On the 21st October, 1560, an eclipse of the sun occurred, which was partially visible at Copenhagen. Tycho, boy though he was, took the utmost interest in this event. His ardour and astonishment in connection with the circumstance were chiefly excited by the fact that the time of the occurrence of the phenomenon could be predicted with so much accuracy. Urged by his desire to understand the matter thoroughly, Tycho sought to procure some book which might explain what he so greatly wanted to know. In those days books of any kind were but few and scarce, and scientific books were especially unattainable. It so happened, however, that a Latin version of Ptolemy's astronomical works had appeared a few years before the eclipse took place, and Tycho managed to buy a copy of this book, which was then the chief authority on celestial matters. Young as the boy astronomer was, he studied hard, although perhaps not always successfully, to understand Ptolemy, and to this day his copy of the great work, copiously annotated and marked by the schoolboy hand, is preserved as one of the chief treasures in the library of the University at Prague.
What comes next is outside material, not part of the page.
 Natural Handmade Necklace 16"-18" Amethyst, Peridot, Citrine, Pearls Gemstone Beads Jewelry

After Tycho had studied for about three years at the University of Copenhagen, his uncle thought it would be better to send him, as was usual in those days, to complete his education by a course of study in some foreign university. The uncle cherished the hope that in this way the attention of the young astronomer might be withdrawn from the study of the stars and directed in what appeared to him a more useful way. Indeed, to the wise heads of those days, the pursuit of natural science seemed so much waste of good time which might otherwise be devoted to logic or rhetoric or some other branch of study more in vogue at that time. To assist in this attempt to wean Tycho from his scientific tastes, his uncle chose as a tutor to accompany him an intelligent and upright young man named Vedel, who was four years senior to his pupil, and accordingly, in 1562, we find the pair taking up their abode at the University of Leipzig.
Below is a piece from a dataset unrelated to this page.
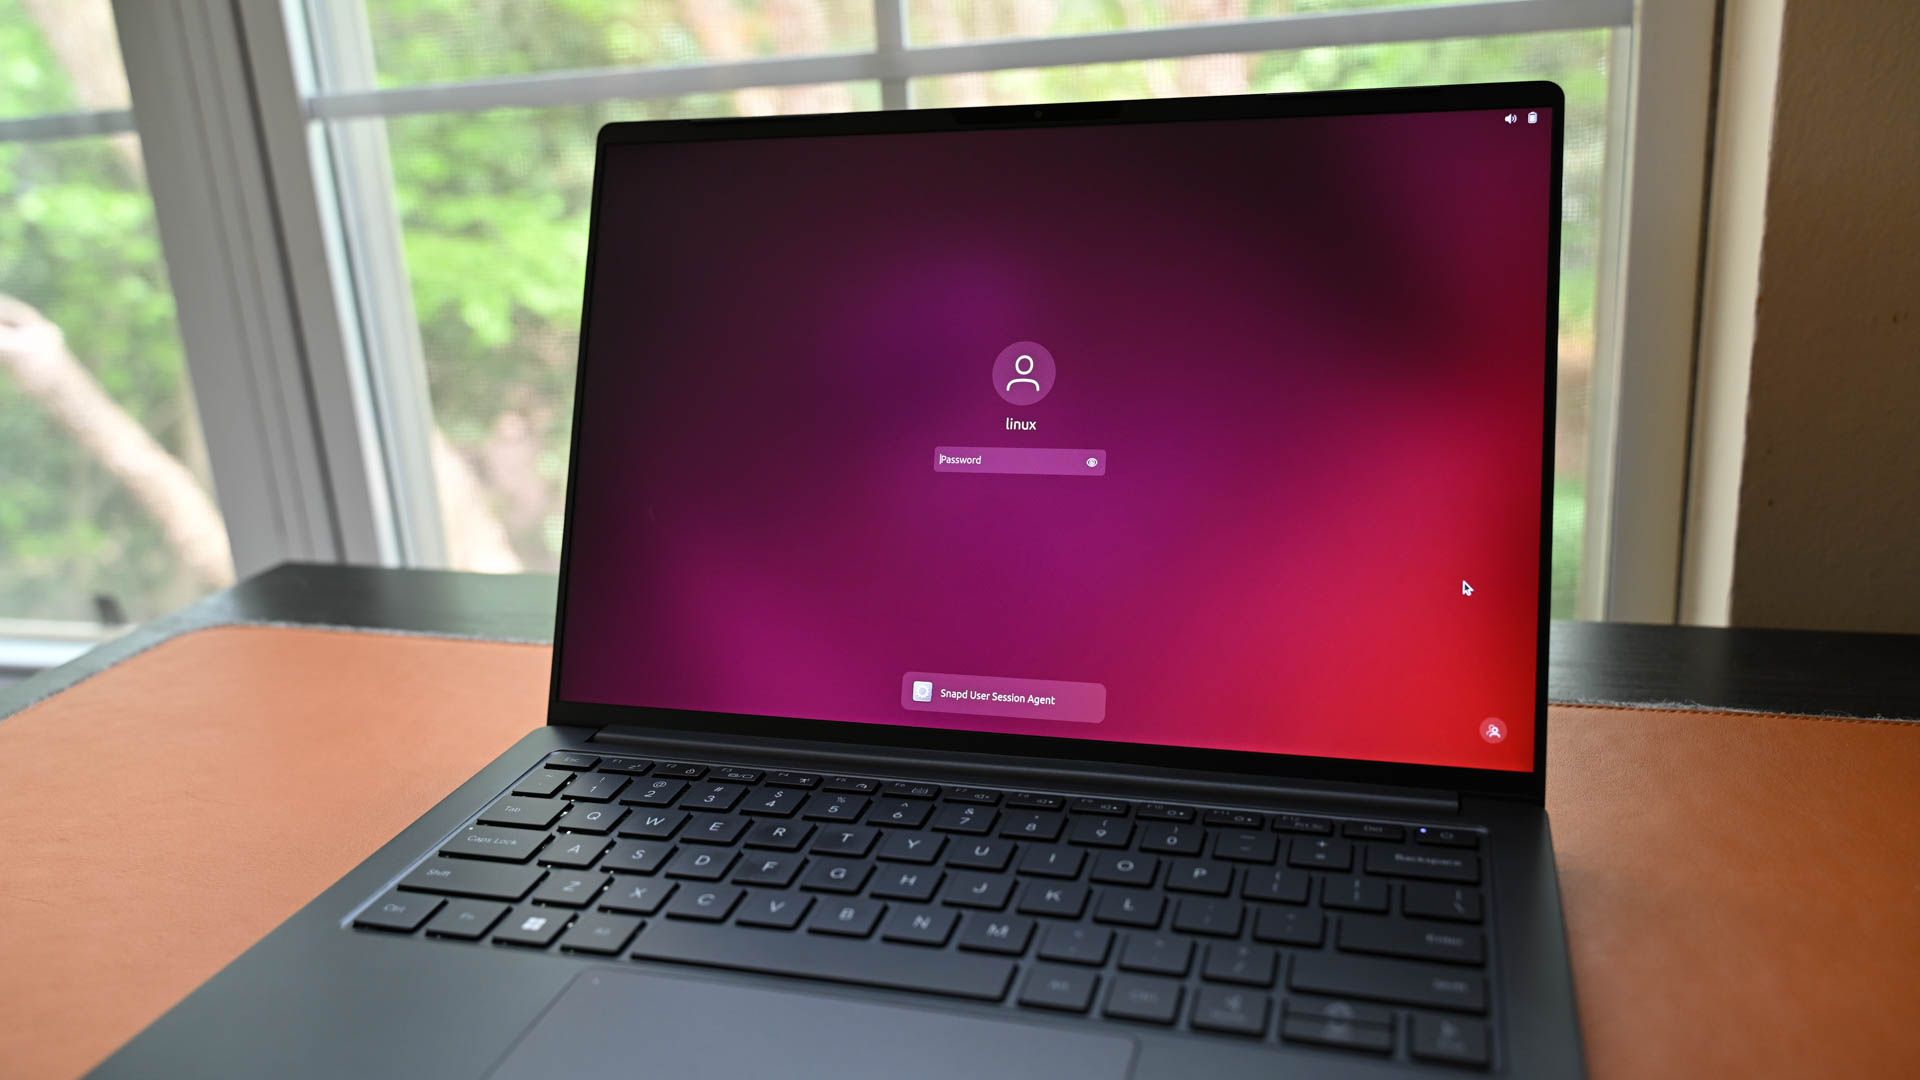 The login screen on a laptop running Ubuntu Linux.

The tutor, however, soon found that he had undertaken a most hopeless task. He could not succeed in imbuing Tycho with the slightest taste for the study of the law or the other branches of knowledge which were then thought so desirable. The stars, and nothing but the stars, engrossed the attention of his pupil. We are told that all the money he could obtain was spent secretly in buying astronomical books and instruments. He learned the name of the stars from a little globe, which he kept hidden from Vedel, and only ventured to use during the latter's absence. No little friction was at first caused by all this, but in after years a fast and enduring friendship grew up between Tycho and his tutor, each of whom learned to respect and to love the other.
Before Tycho was seventeen he had commenced the difficult task of calculating the movements of the planets and the places which they occupied on the sky from time to time. He was not a little surprised to find that the actual positions of the planets differed very widely from those which were assigned to them by calculations from the best existing works of astronomers. With the insight of genius he saw that the only true method of investigating the movements of the heavenly bodies would be to carry on a protracted series of measurements of their places. This, which now seems to us so obvious, was then entirely new doctrine. Tycho at once commenced regular observations in such fashion as he could. His first instrument was, indeed, a very primitive one, consisting of a simple pair of compasses, which he used in this way. He placed his eye at the hinge, and then opened the legs of the compass so that one leg pointed to one star and the other leg to the other star. The compass was then brought down to a divided circle, by which means the number of degrees in the apparent angular distance of the two stars was determined.
His next advance in instrumental equipment was to provide himself with the contrivance known as the "cross-staff," which he used to observe the stars whenever opportunity offered. It must, of course, be remembered that in those days there were no telescopes. In the absence of optical aid, such as lenses afford the modern observers, astronomers had to rely on mechanical appliances alone to measure the places of the stars. Of such appliances, perhaps the most ingenious was one known before Tycho's time, which we have represented in the adjoining figure.
Let us suppose that it be desired to measure the angle between two stars, then if the angle be not too large it can be determined in the following manner. Let the rod AB be divided into inches and parts of an inch, and let another rod, CD, slide up and down along AB in such a way that the two always remain perpendicular to each other. "Sights," like those on a rifle, are placed at A and C, and there is a pin at D. It will easily be seen that, by sliding the movable bar along the fixed one, it must always be possible when the stars are not too far apart to bring the sights into such positions that one star can be seen along DC and the other along DA. This having been accomplished, the length from A to the cross-bar is read off on the scale, and then, by means of a table previously prepared, the value of the required angular distance is obtained. If the angle between the two stars were greater than it would be possible to measure in the way already described, then there was a provision by which the pin at D might be moved along CD into some other position, so as to bring the angular distance of the stars within the range of the instrument.
[PLATE: TYCHO'S "NEW STAR" SEXTANT OF 1572. (The arms, of walnut wood, are about 5 1/2 ft. long.)]
No doubt the cross-staff is a very primitive contrivance, but when handled by one so skilful as Tycho it afforded results of considerable accuracy. I would recommend any reader who may have a taste for such pursuits to construct a cross-staff for himself, and see what measurements he can accomplish with its aid.